Since April 1st is fast approaching, I've been doing a lot of research into the origins of April Fools Day in order to supplement the info I already have on the site. In the course of this research, I came across references to an old English holiday called Shig-Shag Day, celebrated on May 29, that has some similarities to April Fools Day. Shig-Shag Day is also called Shick-Shack Day or (more boringly) Oak Apple Day
Celebrants would place sprigs of apple oak in their hats or lapels to commemorate the restoration of the monarchy. The oak was said to symbolize the oak tree that Charles II hid in to escape his enemies. But cultural anthropoligists suggest that the custom may have been a relic of ancient pagan tree-worship festivals. And for most people, the day was simply an excuse to get drunk. An 1855 issue of the journal Notes and Queries
(Aug. 11, 1855, pg.100) offers this description of Shig-Shag Day celebrations:
After breakfast these men [celebrating Shig-Shag Day] go round to such houses for beer, &c. Should they not receive anything, the following verses should be said:
Shig-shag, penny a rag,
Bang his head in Cromwell's bag,
All up in a bundle --
but fear often prevents them. However, the lads have no fear, and use it freely to any one without an oak-apple or oak-leaf on some part of his person, and visible, -- ill-treating him for his want of loyalty. After noon the loyalty ceases; and then, if any one be charged with having shig-shag, the following verses are said:
Shig-shag's gone past,
You're the biggest fool at last;
When shig-shag comes again,
You'll be the biggest fool then.
And the one who charges the other with the oak-leaf receives the ill-treatment.

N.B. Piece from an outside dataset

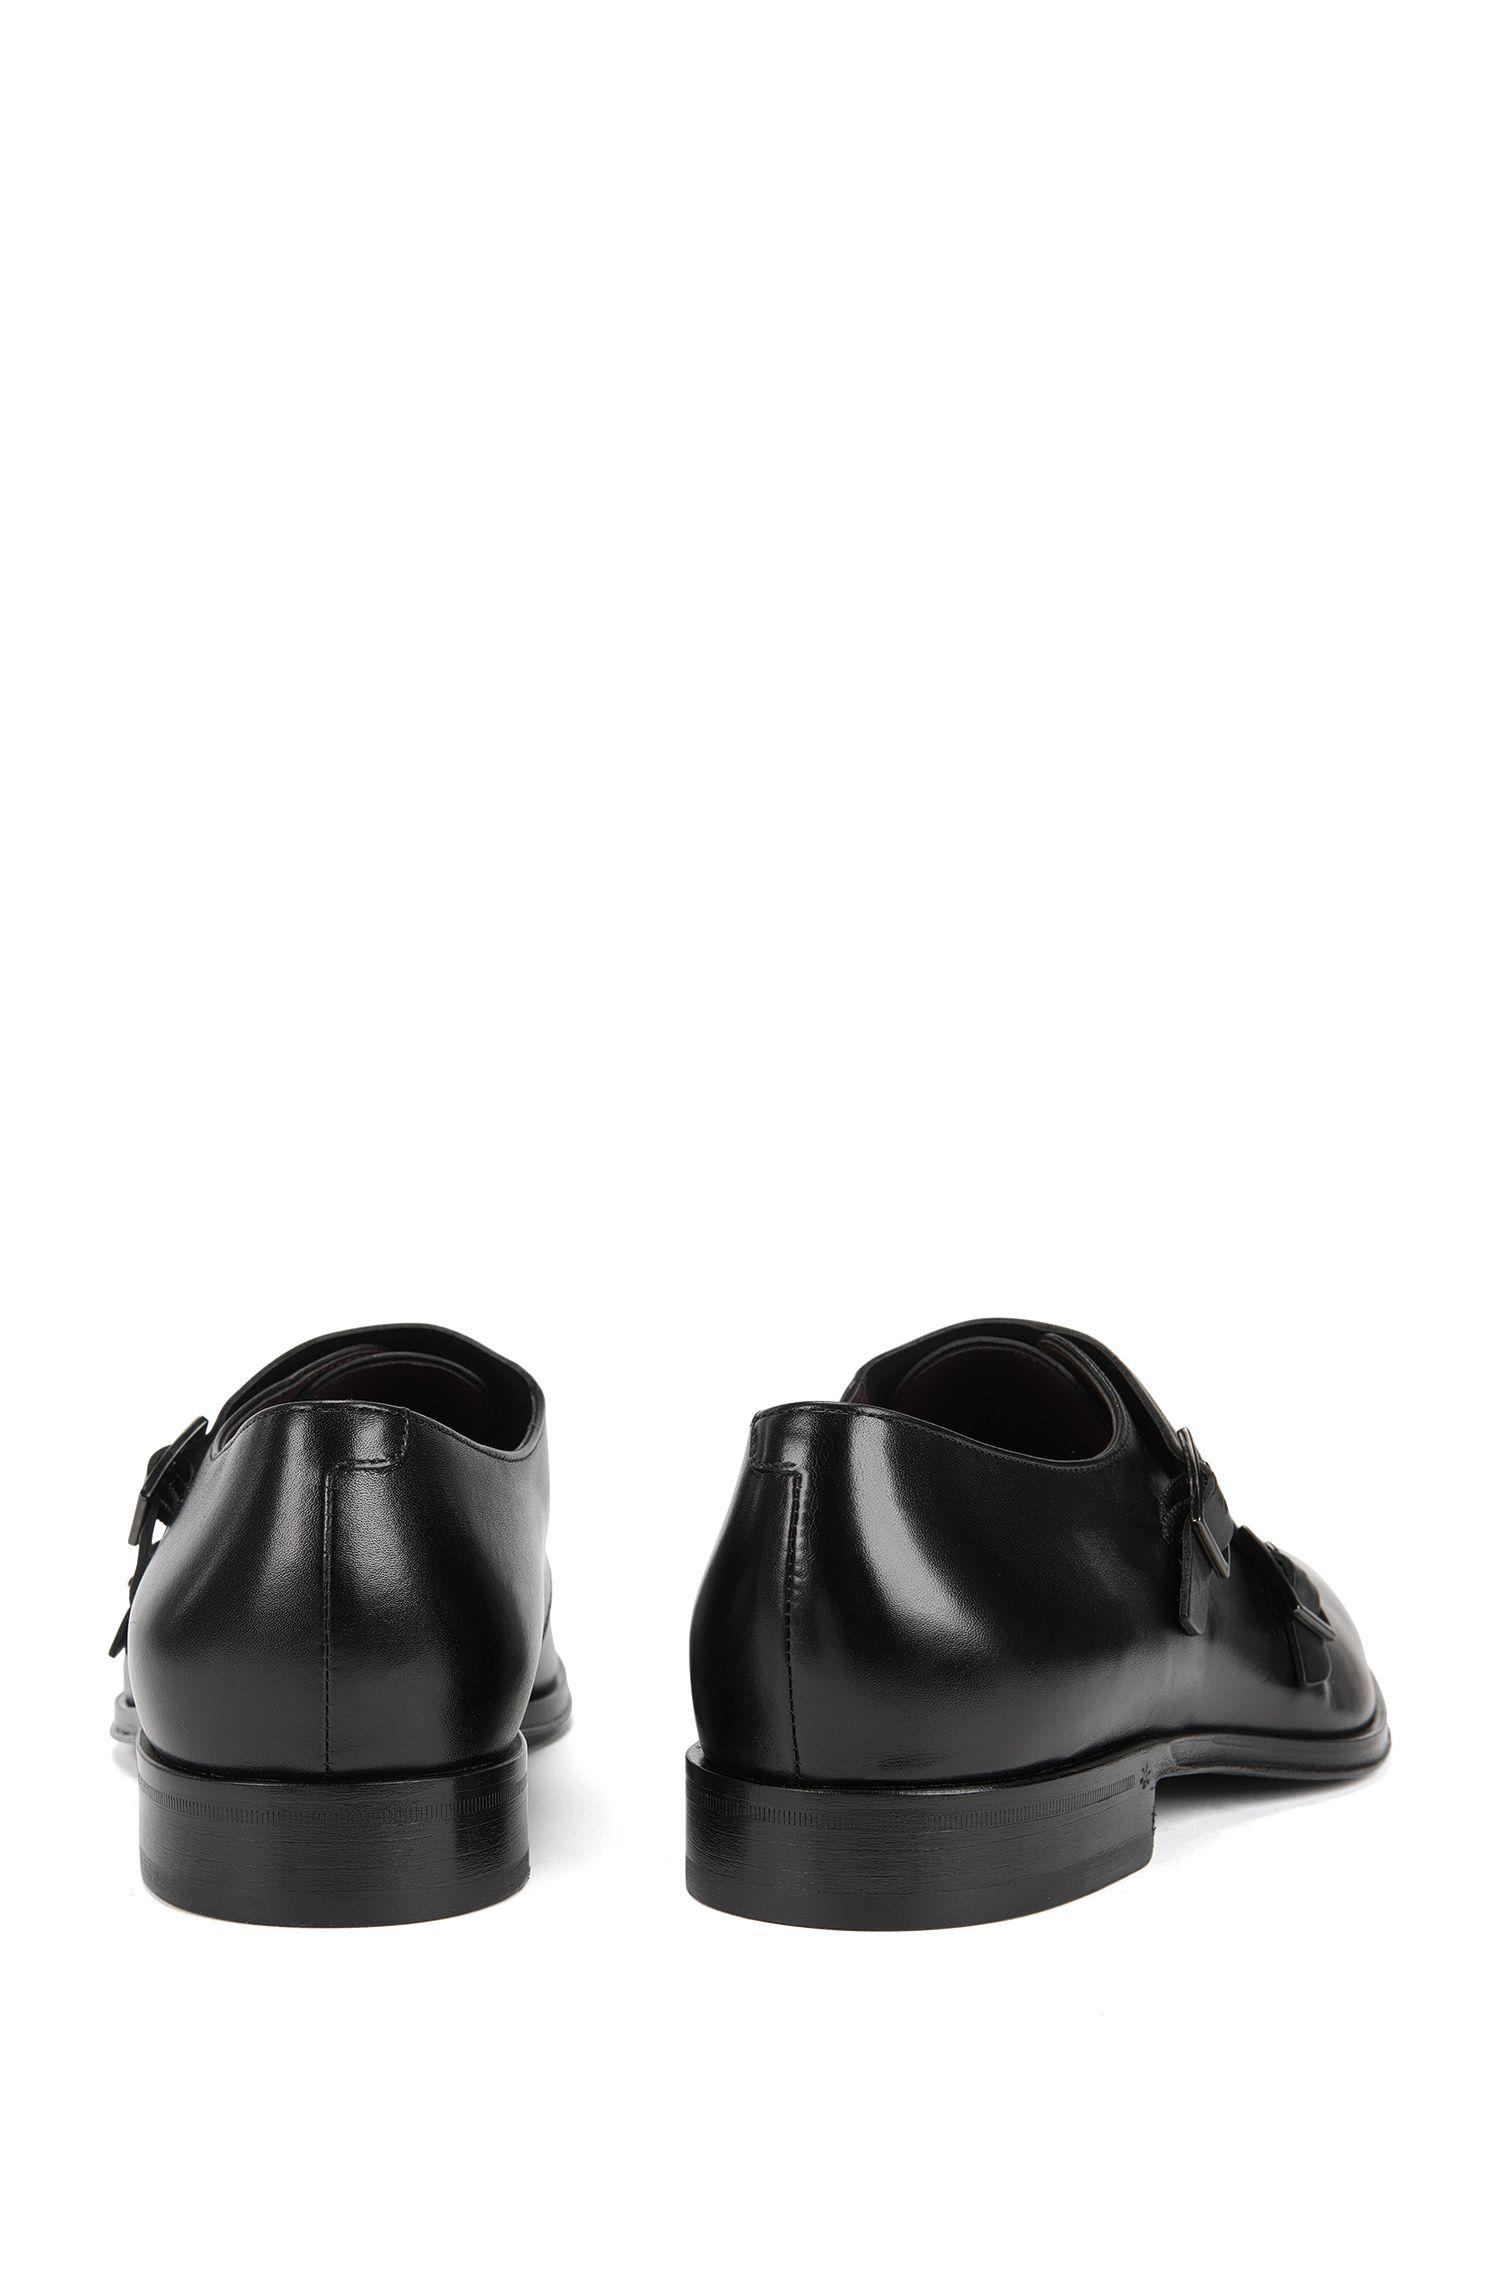 Doppelte Monkstraps aus genarbtem Leder

There's some controversy about the origin of the term "Shig-Shag." Some people say oak apples were known as "shig shags" or "shick shacks" in some parts of England. But the more interesting theory
is that shig-shag was a euphemism for "shit sack," which was a popular term for non-conformists and enemies of the monarchy back in the 17th century.
I don't think anyone celebrates Shig-Shag Day anymore, but I like the idea of a holiday dedicated to getting drunk and worshiping trees.